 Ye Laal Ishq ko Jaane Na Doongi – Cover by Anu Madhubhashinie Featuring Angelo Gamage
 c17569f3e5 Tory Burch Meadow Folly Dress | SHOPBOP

=======

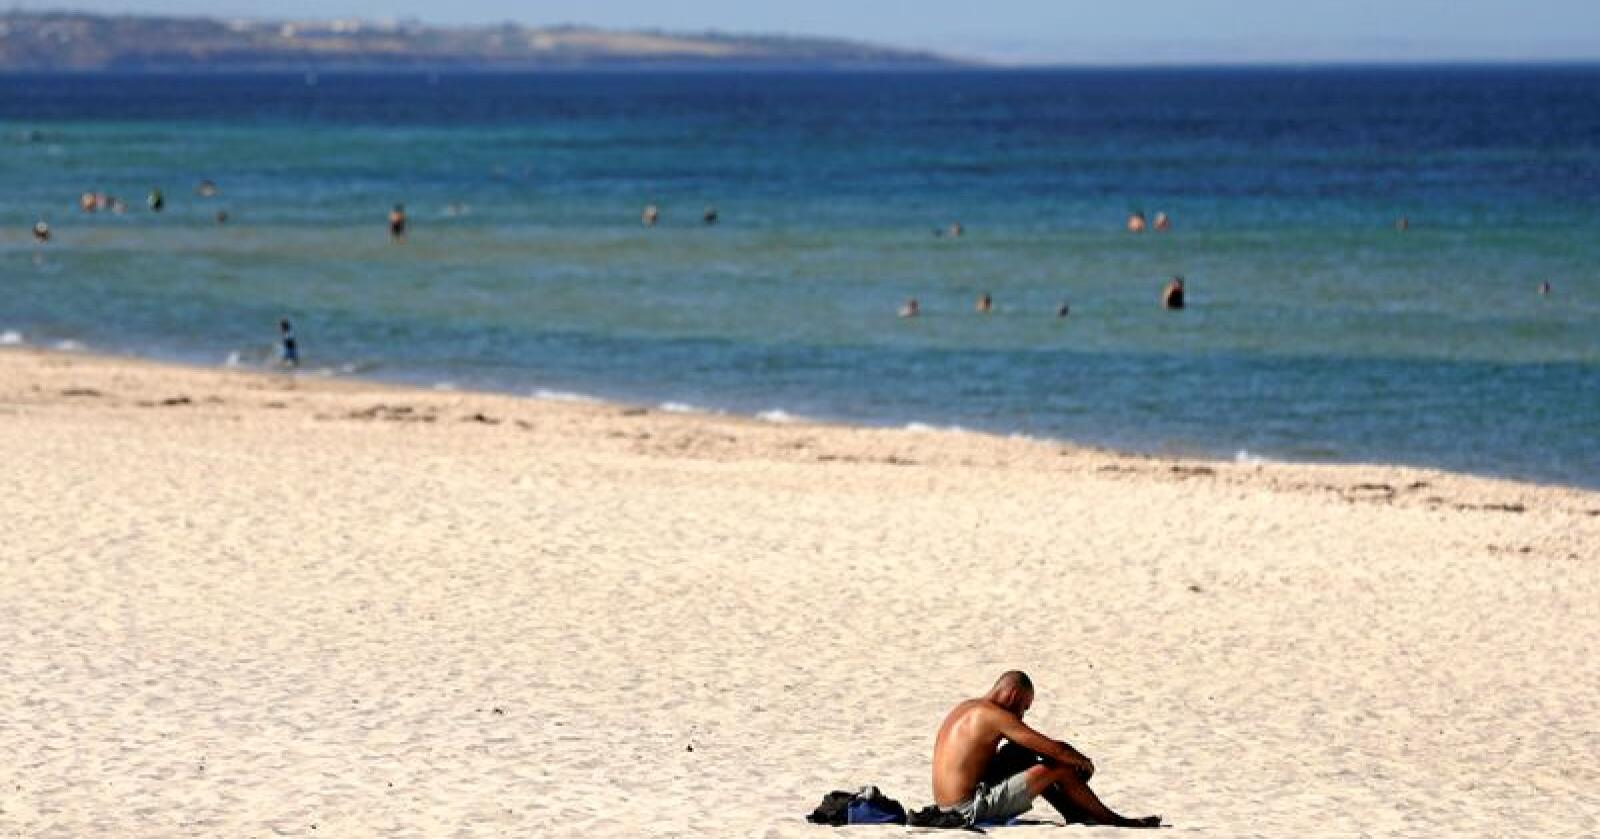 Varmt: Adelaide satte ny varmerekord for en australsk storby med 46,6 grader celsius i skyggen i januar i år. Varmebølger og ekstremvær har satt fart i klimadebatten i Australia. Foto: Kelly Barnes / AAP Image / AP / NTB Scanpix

=======

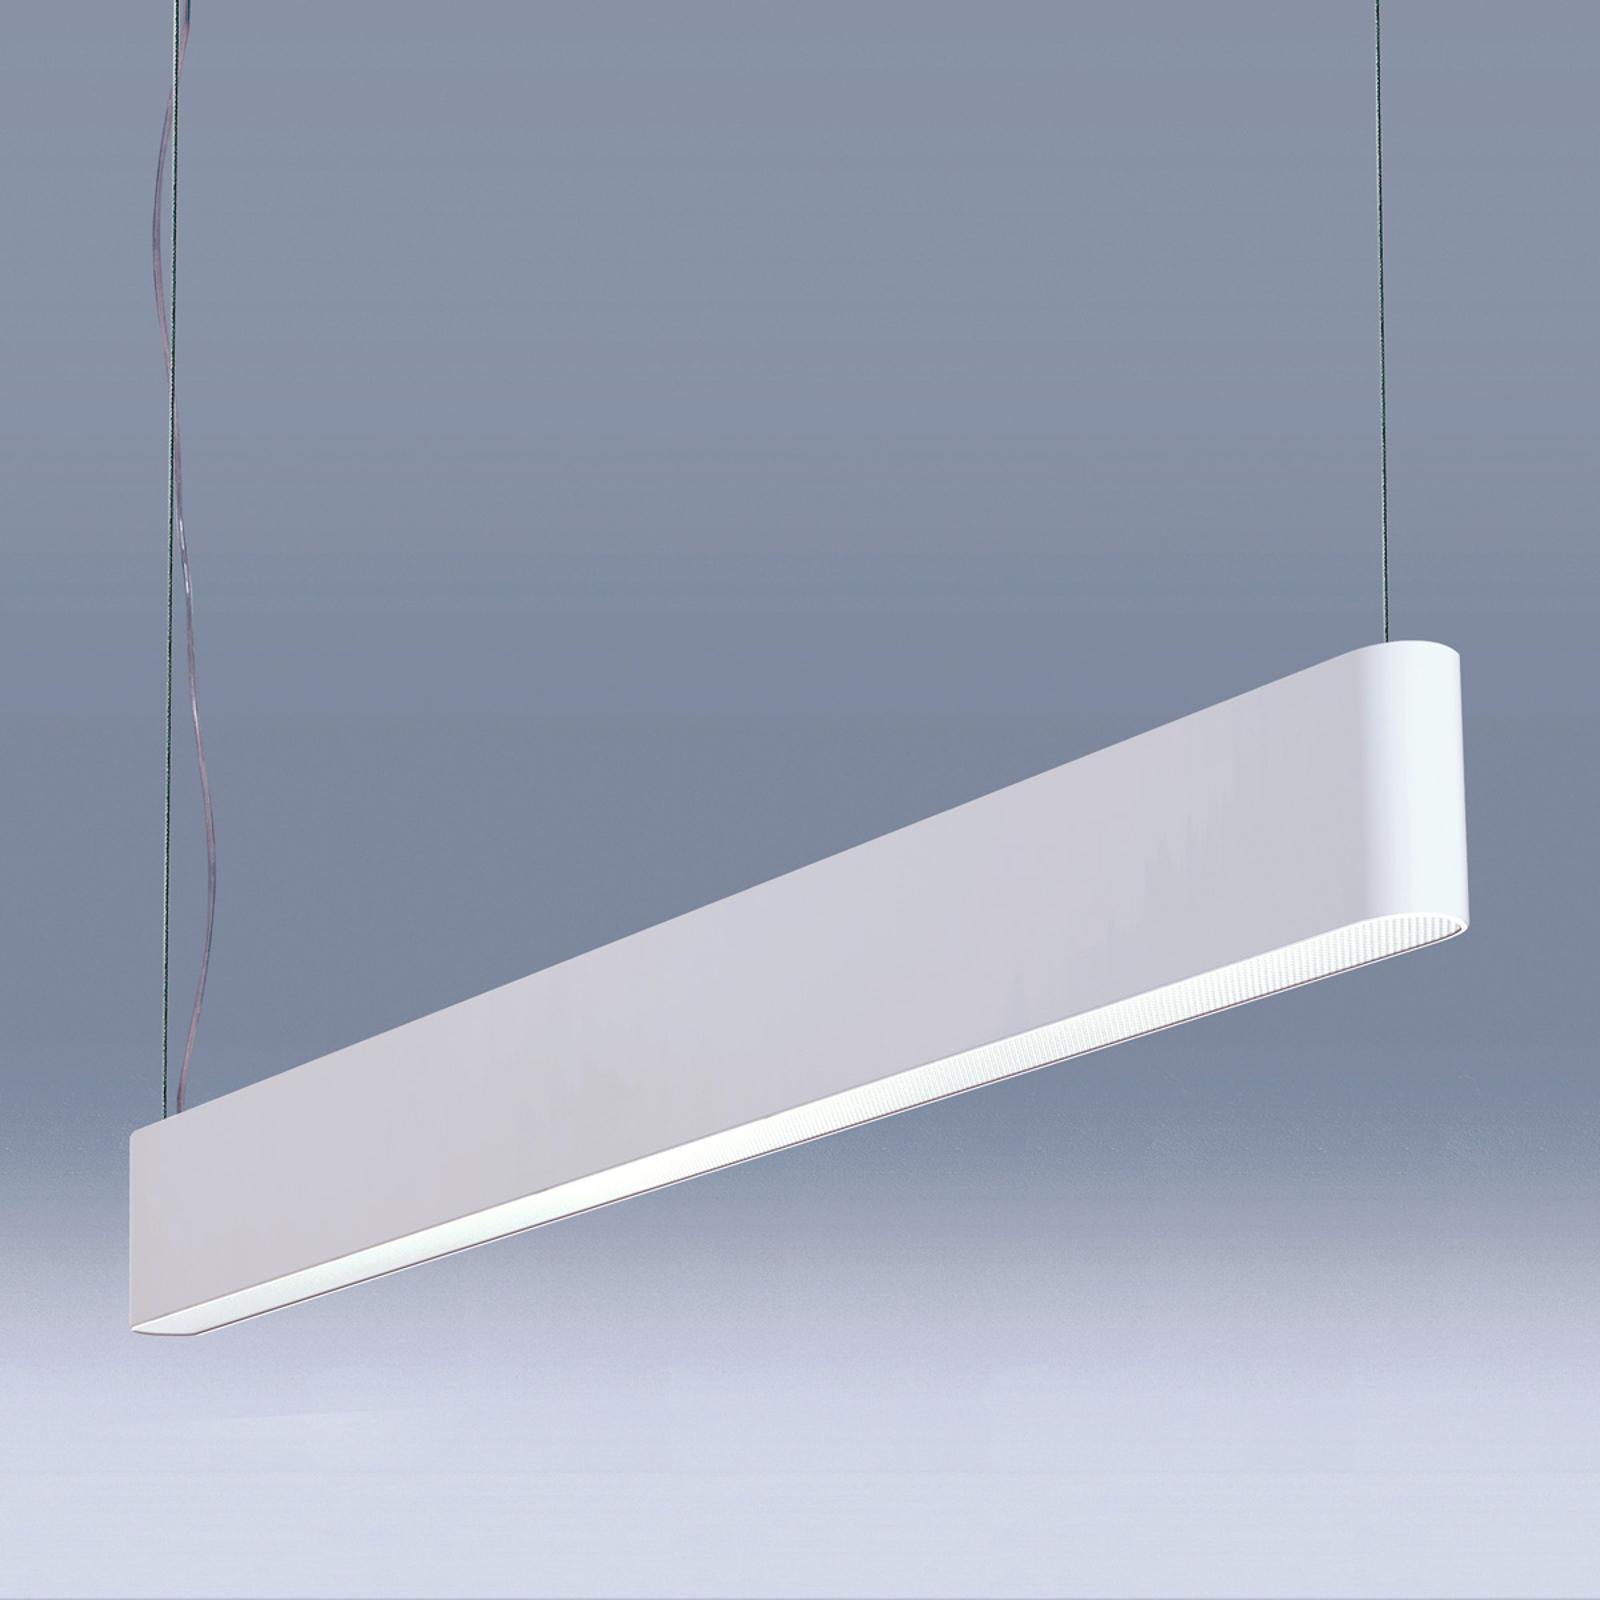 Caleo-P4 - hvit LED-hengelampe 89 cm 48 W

=======

[THE TASK]: Print, without alteration, only the lines above between the one holding "Ye Laal Ishq" and the one holding "c17569f3e5 Tory Burch", inclusive.

[SOLUTION FOR THIS TASK]:
 Ye Laal Ishq ko Jaane Na Doongi – Cover by Anu Madhubhashinie Featuring Angelo Gamage
 c17569f3e5 Tory Burch Meadow Folly Dress | SHOPBOP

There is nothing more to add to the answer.